__TASK DETAILS__
Make an exact copy of the whole listing, but leave its pictures out.
======== GIVEN MATERIAL
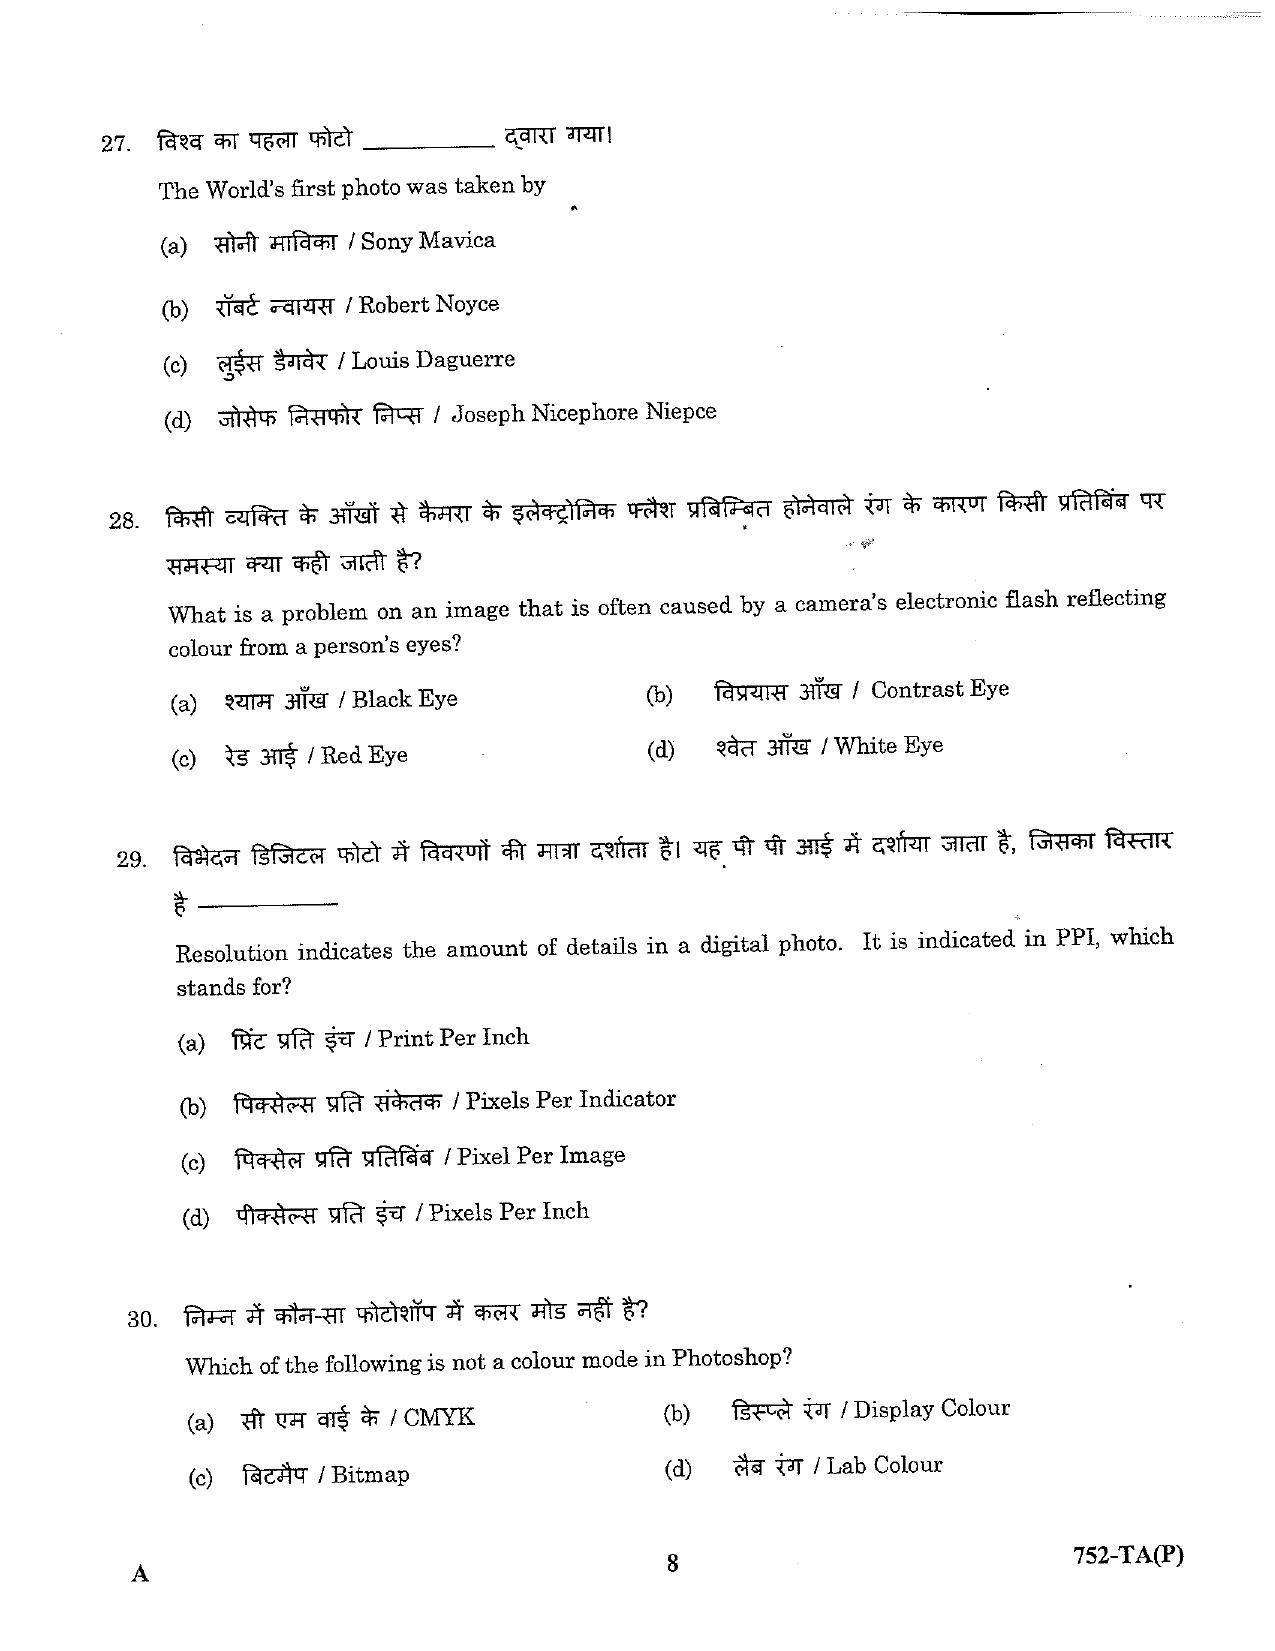 LPSC Technical Assistant (Photography) 2023 Question Paper - Page 8
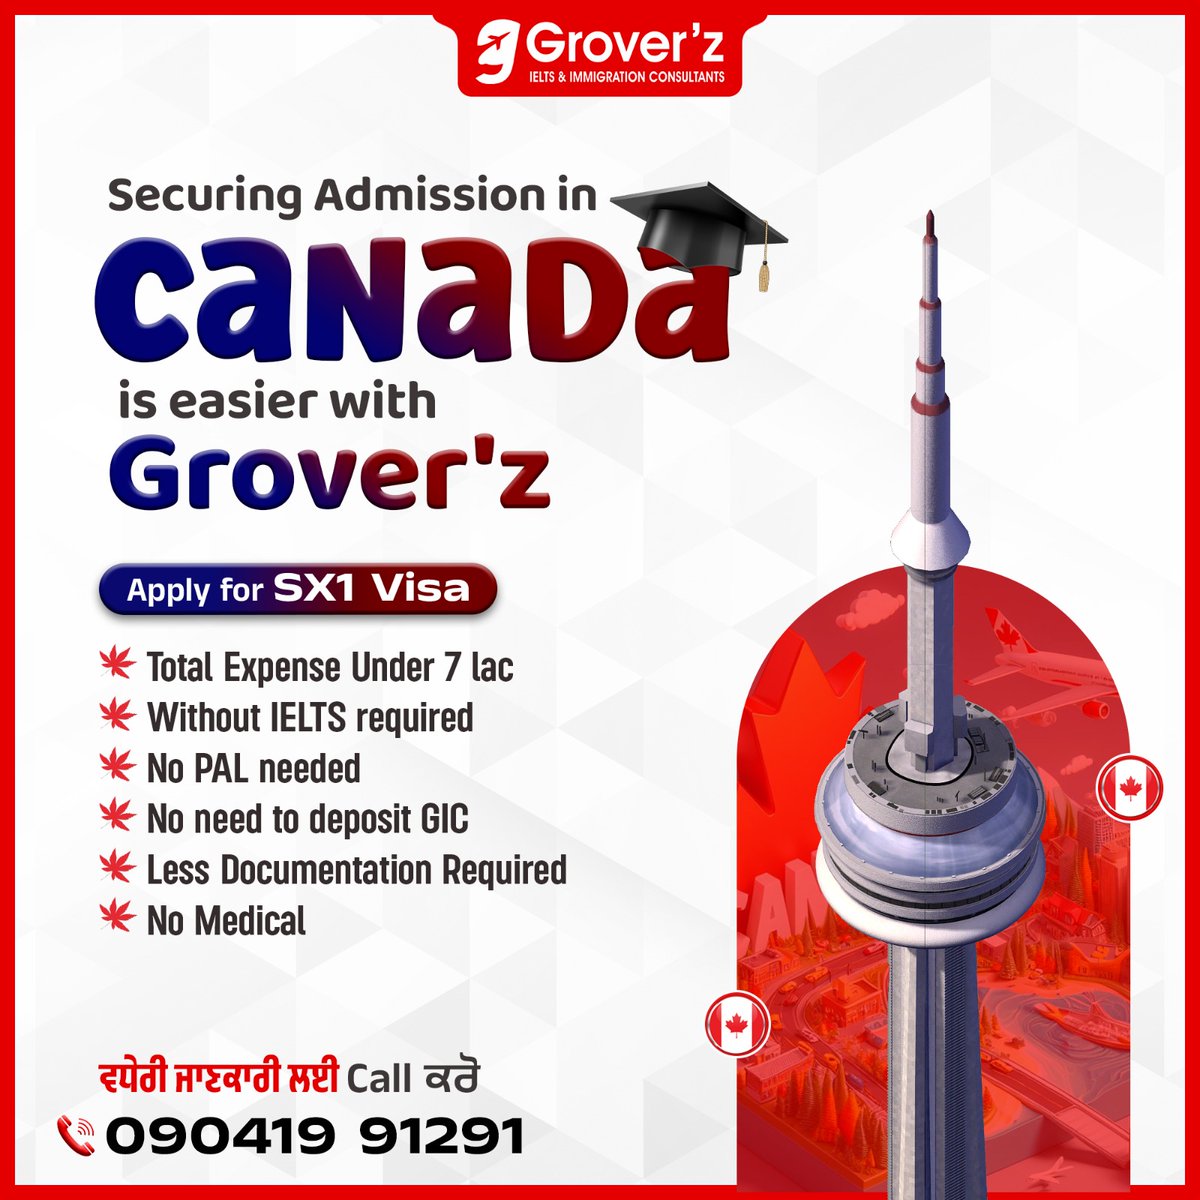 Apply for the SX1 Visa and enjoy a hassle-free process: ✅ No IELTS, PAL, or GIC deposit required ✅ Total expense under ₹7 Lakh ✅ Minimal documentation & no medical needed #GroverzIeltsImmigration #Canada #SX1Visa #Studyincanada #settleincanada #CanadaImmigration
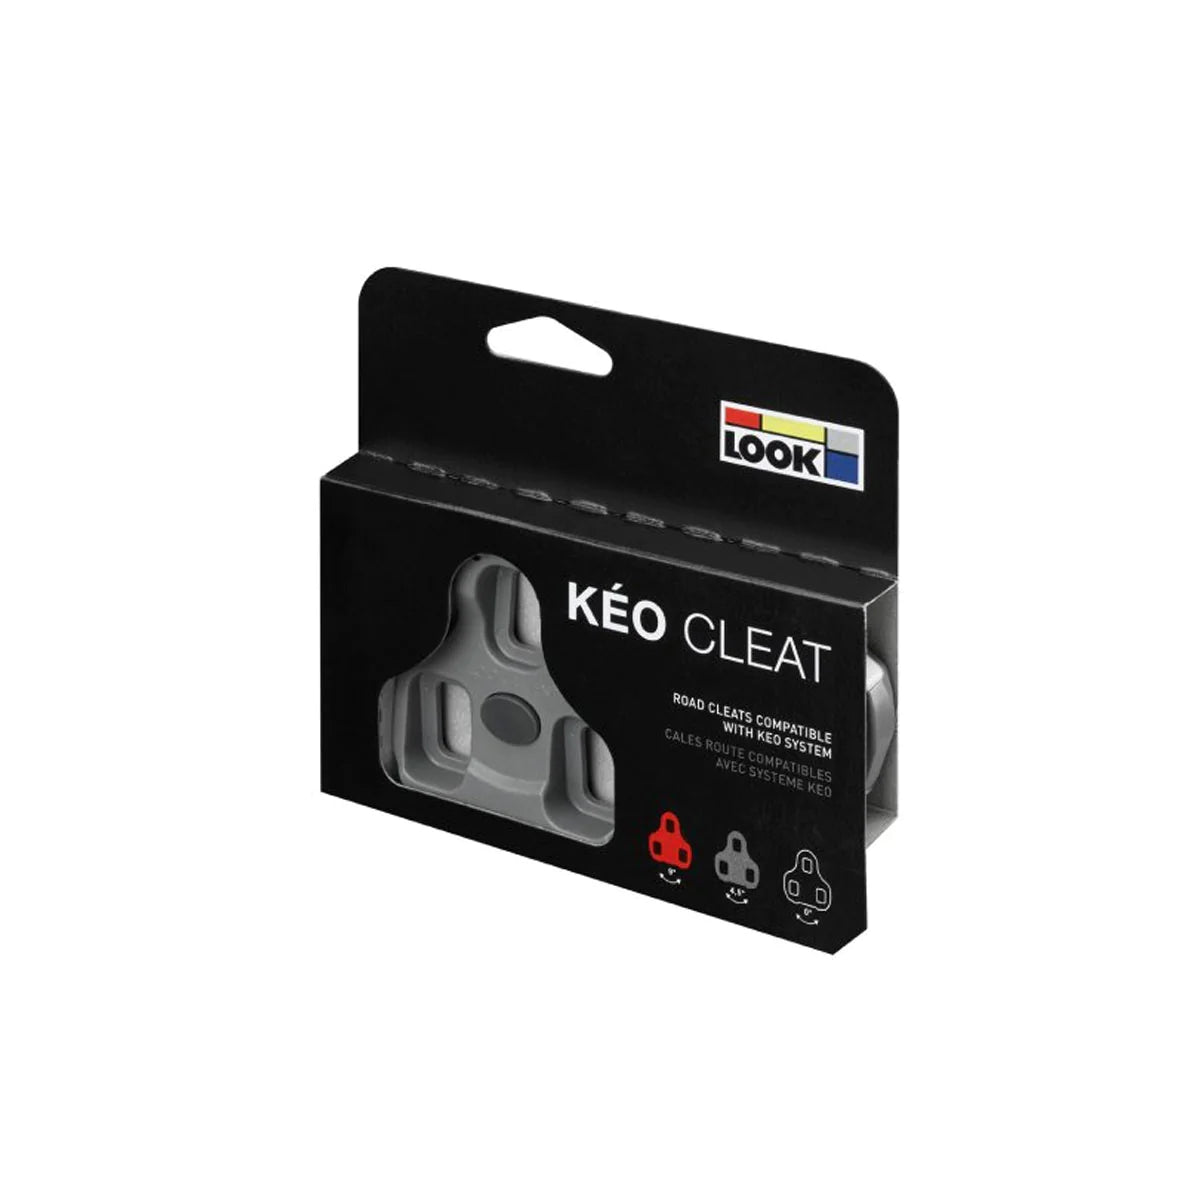 Keo Cleat Road
================
__EXERCISE RESULT__
 LPSC Technical Assistant (Photography) 2023 Question Paper - Page 8
 Apply for the SX1 Visa and enjoy a hassle-free process: ✅ No IELTS, PAL, or GIC deposit required ✅ Total expense under ₹7 Lakh ✅ Minimal documentation & no medical needed #GroverzIeltsImmigration #Canada #SX1Visa #Studyincanada #settleincanada #CanadaImmigration
 Keo Cleat Road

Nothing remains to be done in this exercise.